Opportunities and limitations of software project management in geoscience and climate modelling
In this paper, recent software project management tools and their possible advantages, disadvantages, and possible limitations will be discussed, with respect to their application in scientific projects in geoscience and climate science.
During the last decades, the general process of software development has strongly improved. In the industry, software engineering methods like version control systems and issue tracking are now indispensable to the everyday work of a software developer as well as agile and test driven software development and continuous integration. Somewhat different is the situation in science. Here, modern methods of software development have not yet been introduced everywhere, whereby the various scientific disciplines have a different status. Even within the disciplines, the knowledge about methods and tools is very different. For example, geoscientists already have advanced areas (such as geoinformatics) and some of the complex model codes are successfully managed today using software engineering methods (e.g.

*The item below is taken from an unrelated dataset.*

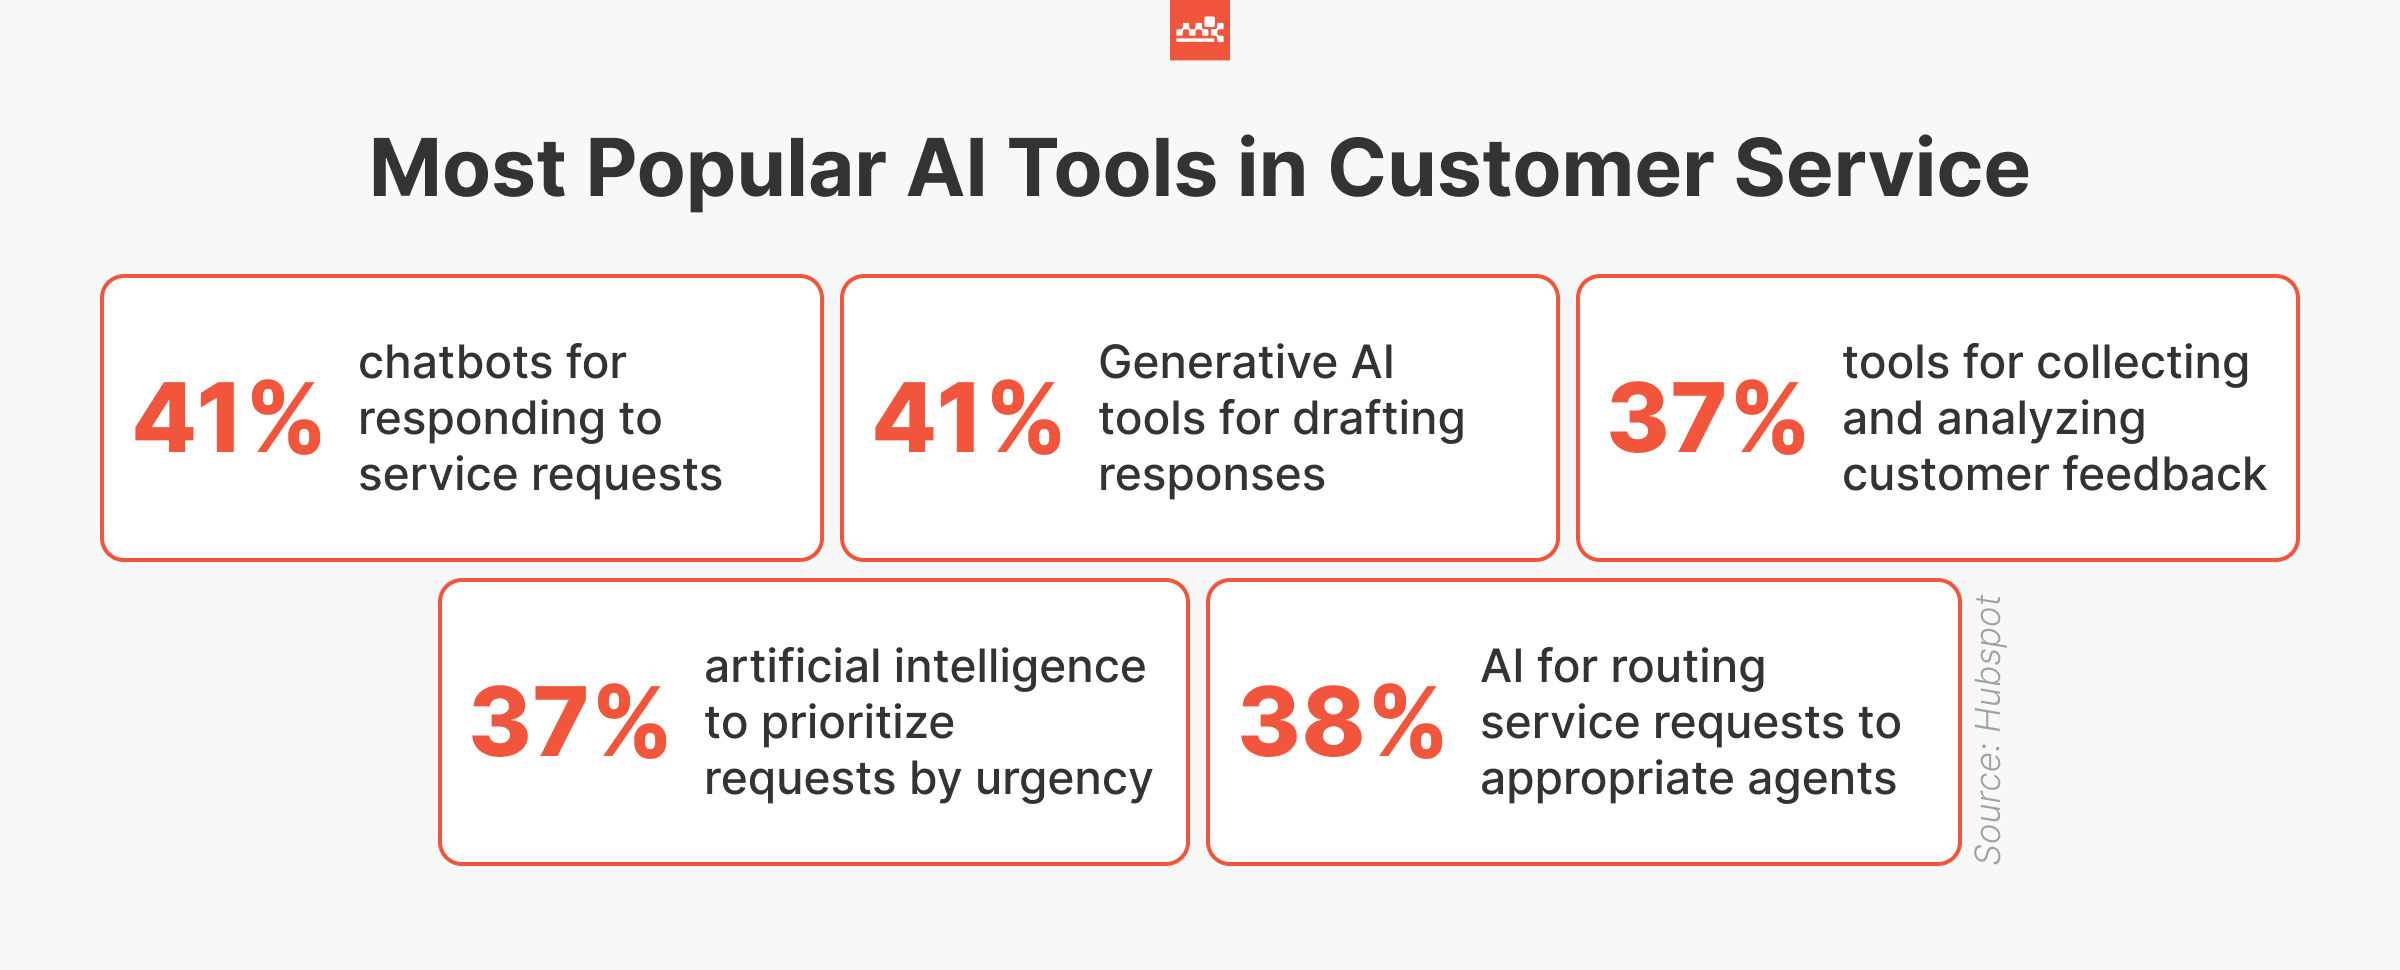 Top Popular AI Tools in Customer Service

FESOM, Wang et al., 2014; ICON, Giorgetta et al., 2018). But from our experience, in too many other projects, too little attention is paid to software development practise. Therefore, in this paper, we especially want to make project managers aware of some aspects of software development and show how modern methods can help to successfully make software development a part of the project.
Scientific software and its development is of great importance in scientific research (Hannay et al., 2009; Hettrick et al., 2015). In geoscience as well as in climate science, research software (in the form of developed program code) is an integral part or even the basis of research in many fields and in many projects.
As the complexity of such research software and program code is increasing, also the development of the program code is getting more complex, especially when developed and used in larger interdisciplinary groups. One way to deal with these issues is to use software engineering concepts and tools which can help to improve the whole process of software development and software project management. Although there are software engineering tools that are already well established in general software development, such concepts and tools are underused in research software development so far. The question arises, whether recent software engineering tools and developing concepts can also improve the work on research software in geoscience. Are such tools and concepts as applicable as in general software projects? Or are research software projects different in the sense that they hold certain characteristics, which makes it difficult or even impossible to establish common software engineering tools and concepts?
84.3 % of the scientists state that the development of scientific software is important for their research;
96.6 % state that their knowledge about software development comes from self studies;
a notable number of scientists are not familiar with standard software engineering concepts;
the importance of software engineering concepts is rated as high, especially in large projects.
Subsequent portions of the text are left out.